Many good intentions lay behind the creation of the HIPAA provisions, such as making it easier for people to move from one job to another and maintain health care insurability, giving individuals access to their medical information and informing them who else has had such access, streamlining and promoting electronic standards for processing health claims, and providing security for electronic health information systems.

I agree whole-heartedly with the intent of the health information privacy rule. Basically, this rule says that you cannot, under penalty of law, disclose to another party private health information that is not directly for the medical benefit of the patient or for certain functions as billing, public health, research, and law enforcement.

However, there are many nuances that accompany this common-sense protection that propel it into the arena of the truly mind-boggling. As I read through the well-organized and diagrammed online description of the privacy provision for researches provided at our institution, I became more than a little confused. Arrows and boxes signifying covered and hybrid entities and notice of privacy practices were whirling around on the screen, seemingly governed by some underlying set of laws written by strange bureaucrats with large budgets and too much free time (Figure 1). What really put the icing on the cake is that the privacy rule is part of the standards required under HIPAA's administrative simplification provisions.

Of course, what I also realized, even with my somewhat limited capacity to comprehend most of this, besides the obvious common sense guideline that I had always followed anyway, was that future research projects were going to have another hurdle to jump. Any prospective study that includes private health information will require consent from the patient, which can later be withdrawn. Whether or not and to what extent the requirement to obtain this consent, in addition to the usual institutional review board research study consent, will make medical research efforts more difficult and time-consuming remains to be seen. Further, any research-related databases or data repositories that contain private medical information that already exist, that might potentially be added to in the future, or that will be established for a research project must obtain institutional review board approval requiring specific consent for inclusion of identifiable patient information whenever possible.

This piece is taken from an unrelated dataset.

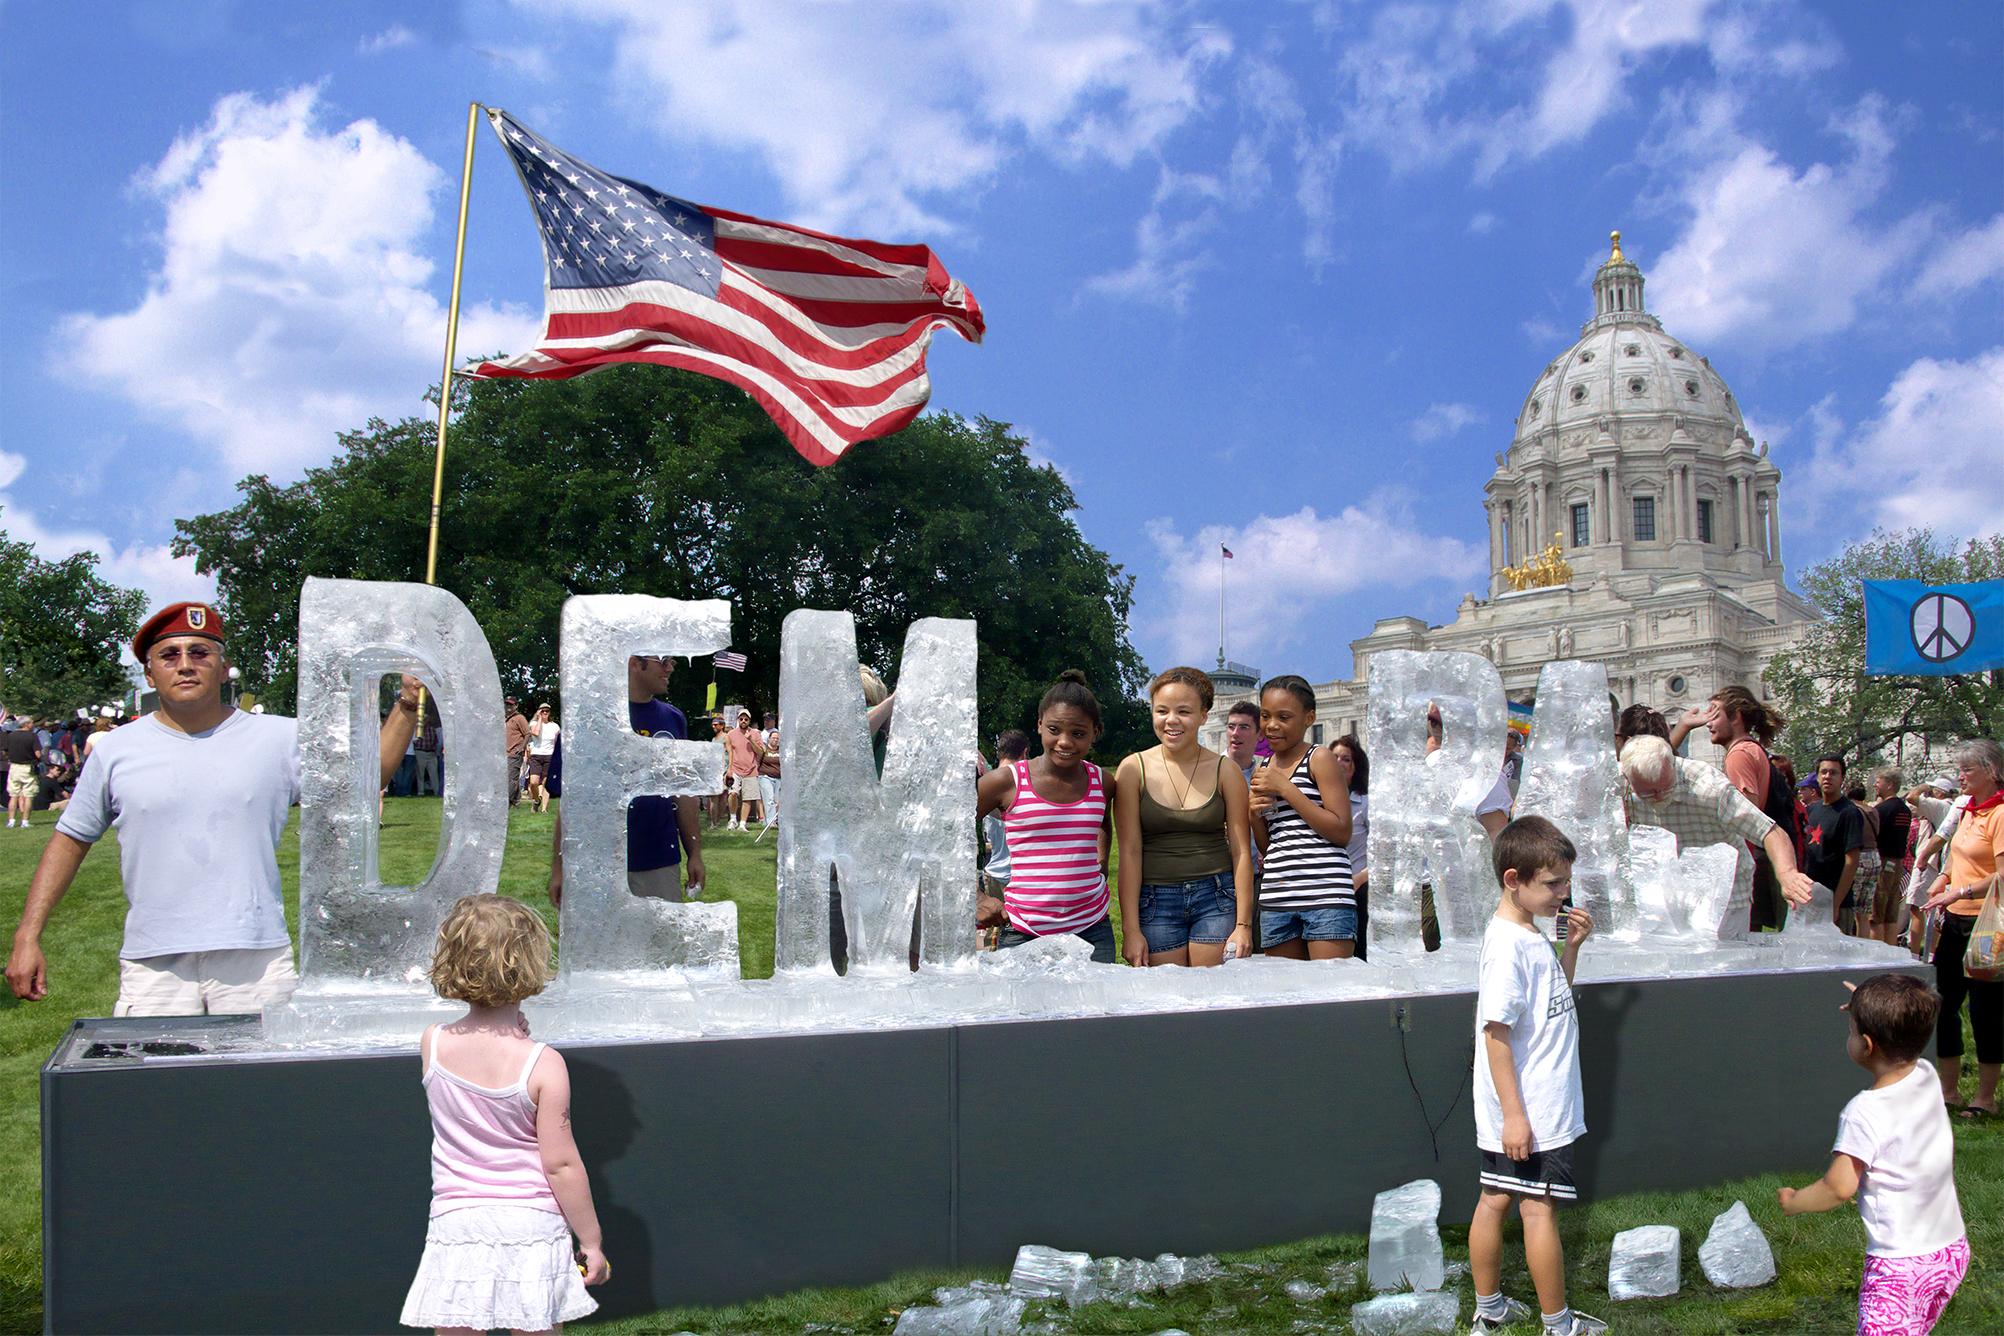 Democracy in St. Paul

Fortunately, teaching files of cases used for education and quality improvement functions that involve maintaining private medical information are excluded. Clearly, another layer of red-tape has been added to our research efforts.

I wonder how many situations have actually occurred in which patients were in any way negatively impacted by use of their private medical information in medical research studies or in everyday medical information exchanges among healthcare professionals. After all, the Hippocratic Oath states above all do no harm, and that certainly includes a prohibition against violating a patient's personal or medical privacy. Clearly, the intentional misuse of such information for personal gain is certainly possible, has occurred, and should be specifically and harshly punished under the law. However, HIPAA may have been stretched to cover an area where it was, in most instances, not really needed.